Exercise objective:
Leave out the pictures and repeat the data exactly.
(Task material Opens)
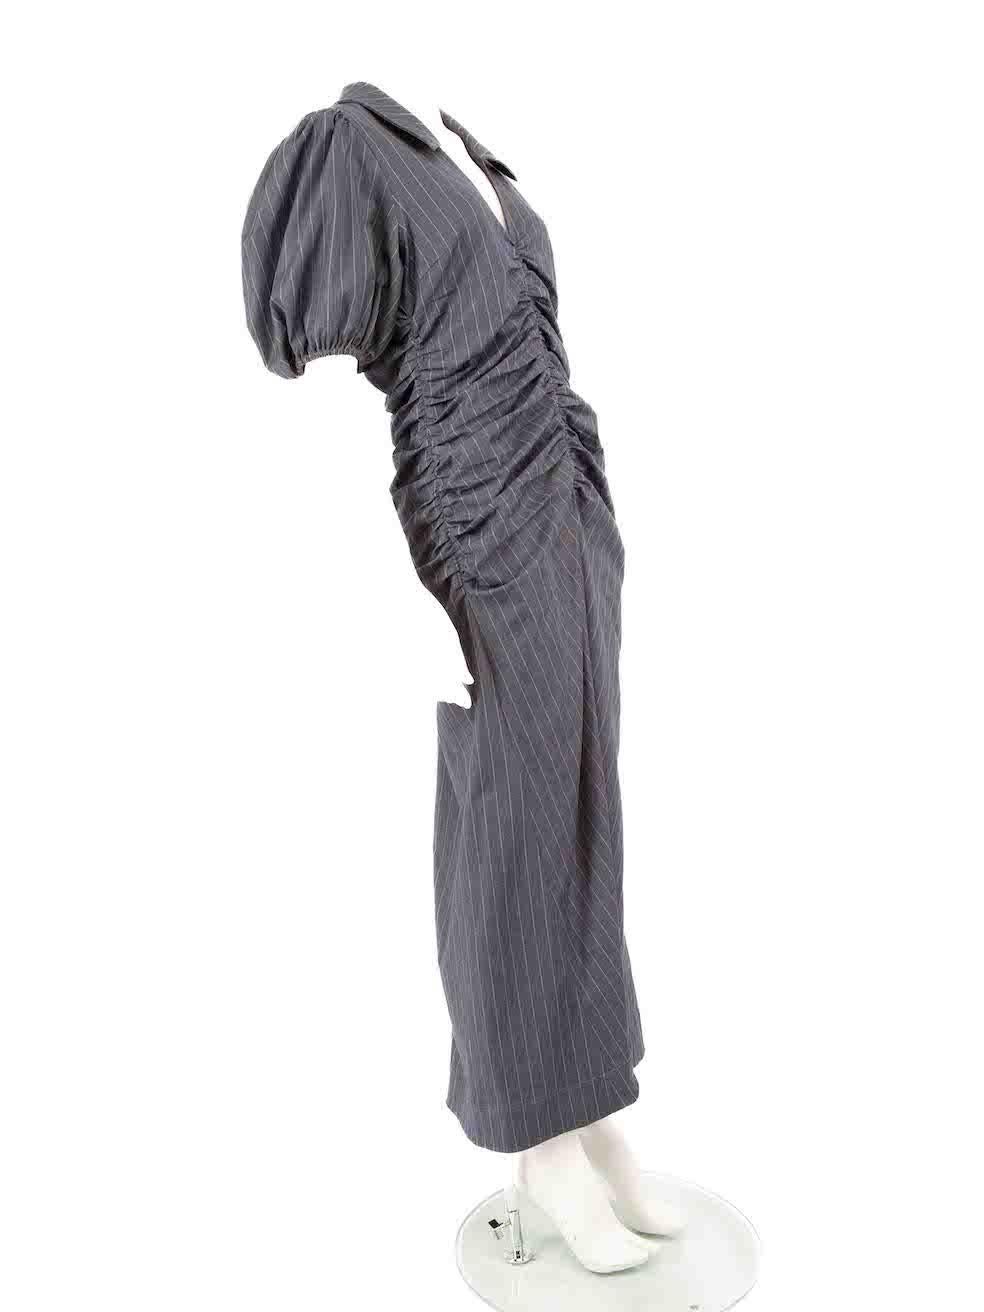 CONDITION is Never worn, with tags. No visible wear to the dress is evident on this new Ganni designer resale item.
 
 
 
 Details
 
 
 Grey
 
 Polyester
 
 Midi dress
 
 Pinstriped pattern
 
 V neckline
 
 Puff sleeves
 
 Ruched accent
 
 Stretchy
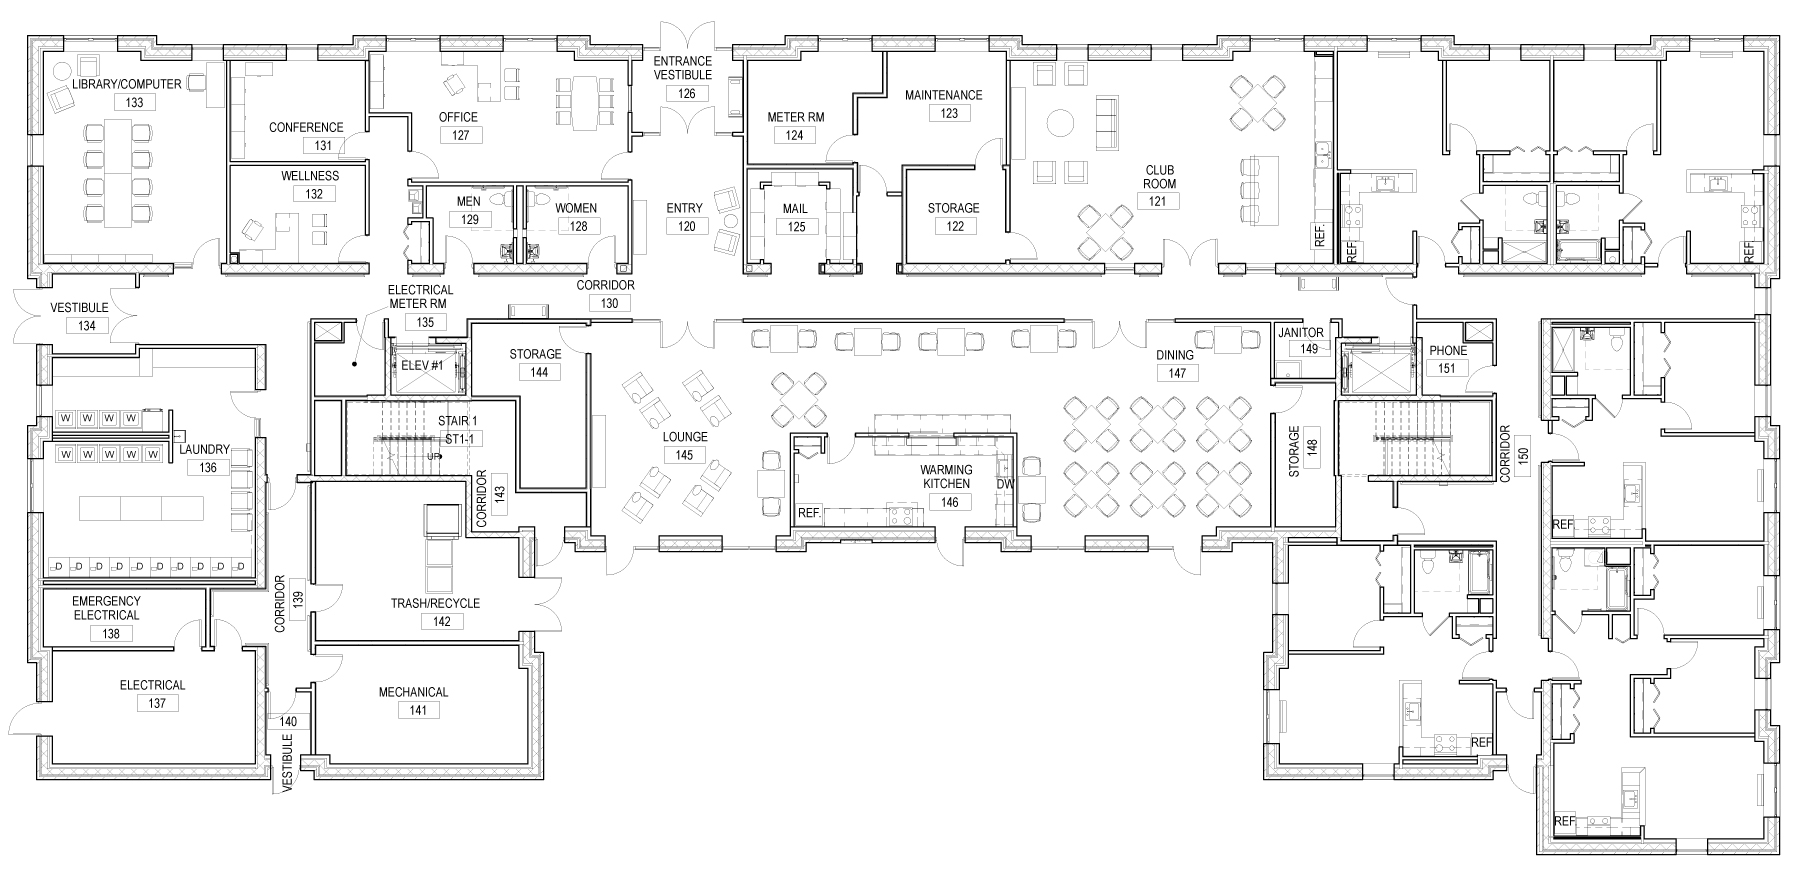 Furniture Layout - Midway Pointe
(Task material Closes)
Response:
 CONDITION is Never worn, with tags. No visible wear to the dress is evident on this new Ganni designer resale item.
 
 
 
 Details
 
 
 Grey
 
 Polyester
 
 Midi dress
 
 Pinstriped pattern
 
 V neckline
 
 Puff sleeves
 
 Ruched accent
 
 Stretchy
 Furniture Layout - Midway Pointe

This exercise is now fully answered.